A small smile heads off the rage. A wave back keeps the situation civil. A forced laugh keeps the man outside of the drugstore from following me any further. A full-fledged conversation when I am trapped in line helps me suss out whether or not this person is violent, or just overly-friendly.

It’s tiresome and it’s not ideal. It leaves me wary and makes me guarded. It prompts me to consider every single interaction I have in public.

There’s an innate unfairness to this; for the men who harass me, who invade my space and demand my time and attention, who grant themselves permission to touch me, this is a pleasant experience. They feel listened to and visible and valued and validated.

It has the opposite effect on me.

And yes, I know that in doing this — in using courtesy as a weapon of self defense — that I am also actively enabling the behavior and I am encouraging it further and I am part of the problem.
But my body is not the battleground for this fight and my personal safety is not a currency I am willing to exchange for ending it because even if I cash it in it will persist.

I would rather get home safe at night than take up the charge of ending male entitlement when it stumbles my way because the truth is, my compliance doesn’t cause male entitlement and my lack of compliance isn’t enough to make it stop.

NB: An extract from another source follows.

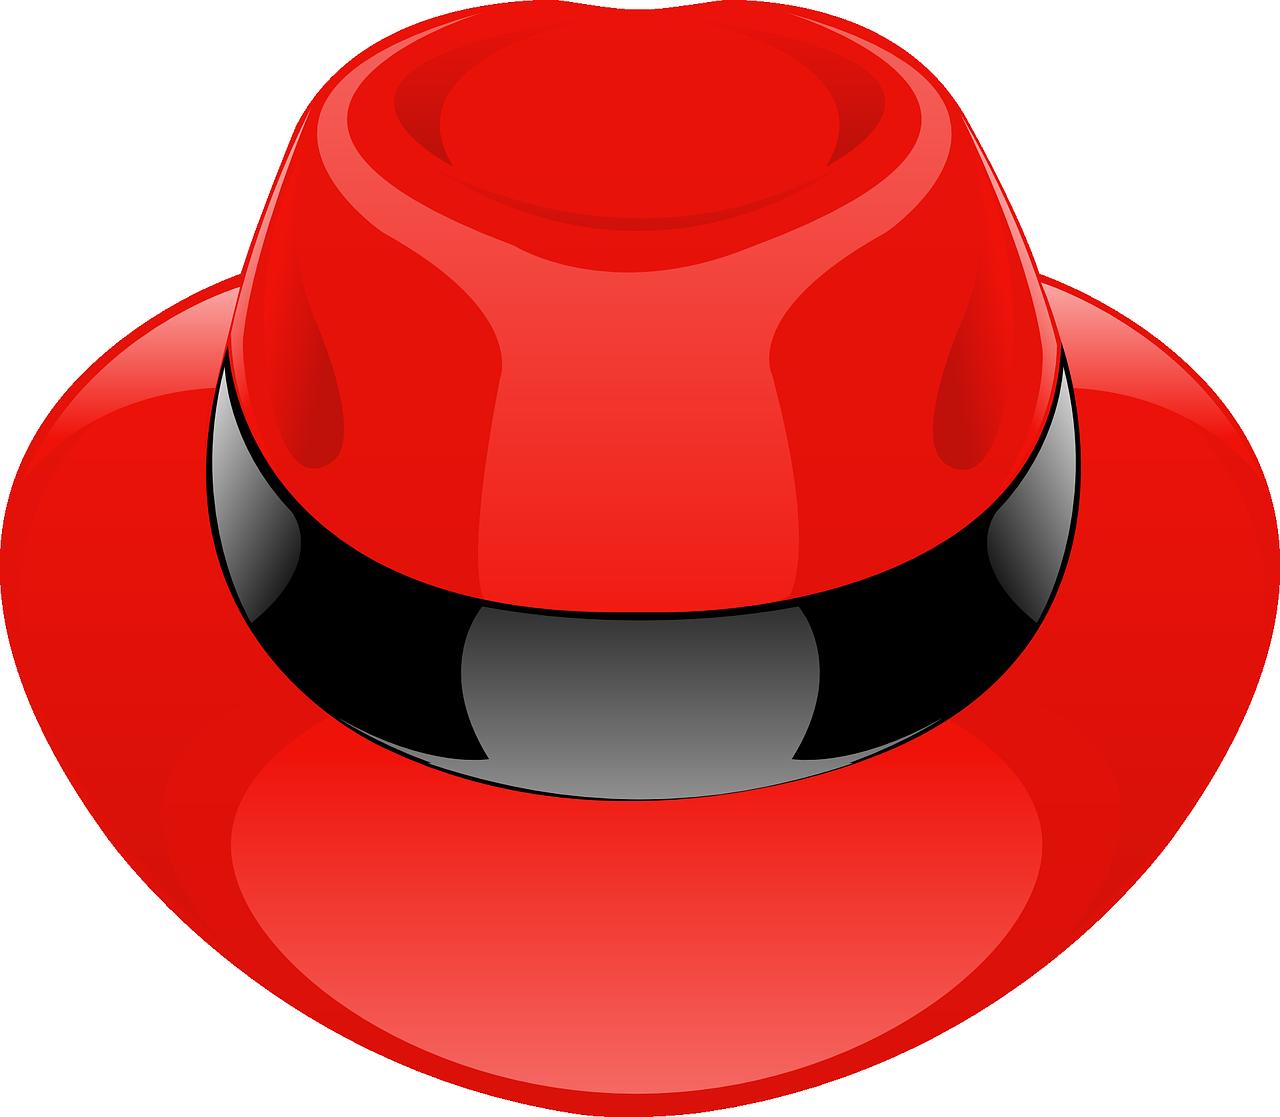 fedora clipart alpine hat

If I stop using politeness as my armor, I won’t correct centuries of conditioning and acceptance and even encouragement. I won’t make a man who thinks my body is his for the taking to reconsider a lifetime of training that tells him that’s the case.

I won’t end anything except, potentially, my own life.

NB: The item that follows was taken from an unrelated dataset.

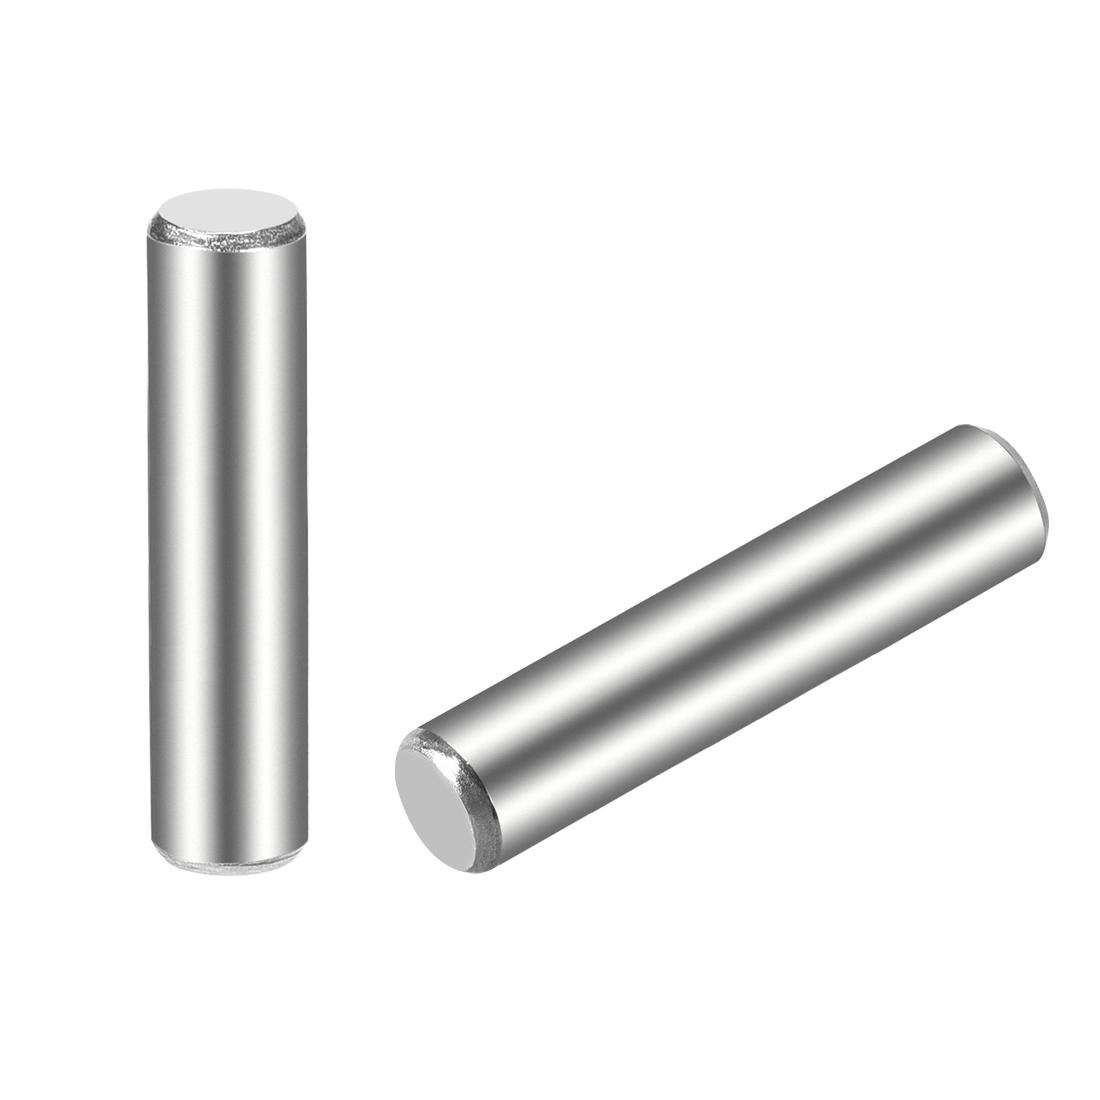 15Pcs 5mm x 25mm Dowel Pin 304 Stainless Steel Shelf Support Pin Fasten

If I stop complying, the most likely outcome is that I will harmed. The most likely outcome is that nothing will change except instead of being irritated by harassment, I will go back to being actively afraid or, you know, worse.

For this reason, each day, I decide to be temporarily ok being part of the problem because I know that my part is the absolute smallest part. I also decide to be part of the problem because the alternative — ”just ignoring it” — is part of the problem.

Of course, telling women to “just ignore it” is another way of telling women to be quiet. If we’re quiet, we’ll be safe. If we’re quiet, they’ll go away.

If we’re quiet, all of the men who don’t harass women, who don’t help themselves to our bodies, can feel better about their own silence.

On this exact night, with this exact man who should know better because he prides himself on understanding and hearing women, the tiredness overwhelms me and I can’t be part of it anymore.

“No, actually, he won’t. He won’t go away and he won’t leave us alone and actually ‘engaging’ is one of the best ways I know how to keep myself safe.”

And we’re off.

For the entire bus ride home (the bus finally comes) I unload all of little scraps of indignity that I have packed around with me for all of these years. And I don’t care if he hears it or learns a goddamn thing because mostly I just need to say these things. These things that I have said above and many more.

Things like “harassment is not the same as giving a compliment” and “telling women to be silent does nothing to solve the problem” and “saying that my actions cause this is exactly what we mean when we say ‘victim-blaming.’”

In the years since that night, I have told this exact story many times, to many men, in large part because being silent — just ignoring it — doesn’t make women safer and I need you to know that.

I just need you to know that.

When men are quick to remind us that not all men harass women, I’m quicker to remind them that all women (really, all) have experienced this at least once, but more likely, they have experienced it many, many more times than that.

And as many times as we’ve been party to this — as many times as someone has touched us, yelled at us, hit on us, hit us, raped us , spat on us, stalked us, threatened us, propositioned us — we’ve also been told to just ignore it.

The truth is, we don’t have the luxury to ignore harassment. We engage, we’re kind, because that is what keeps us safe.

And now it’s time for everyone to engage.

If you’re tired of hearing about women being harassed, tired of us sharing our stories about it, maybe that’s because you’ve been ignoring it, and we don’t believe that you should have that luxury anymore, either.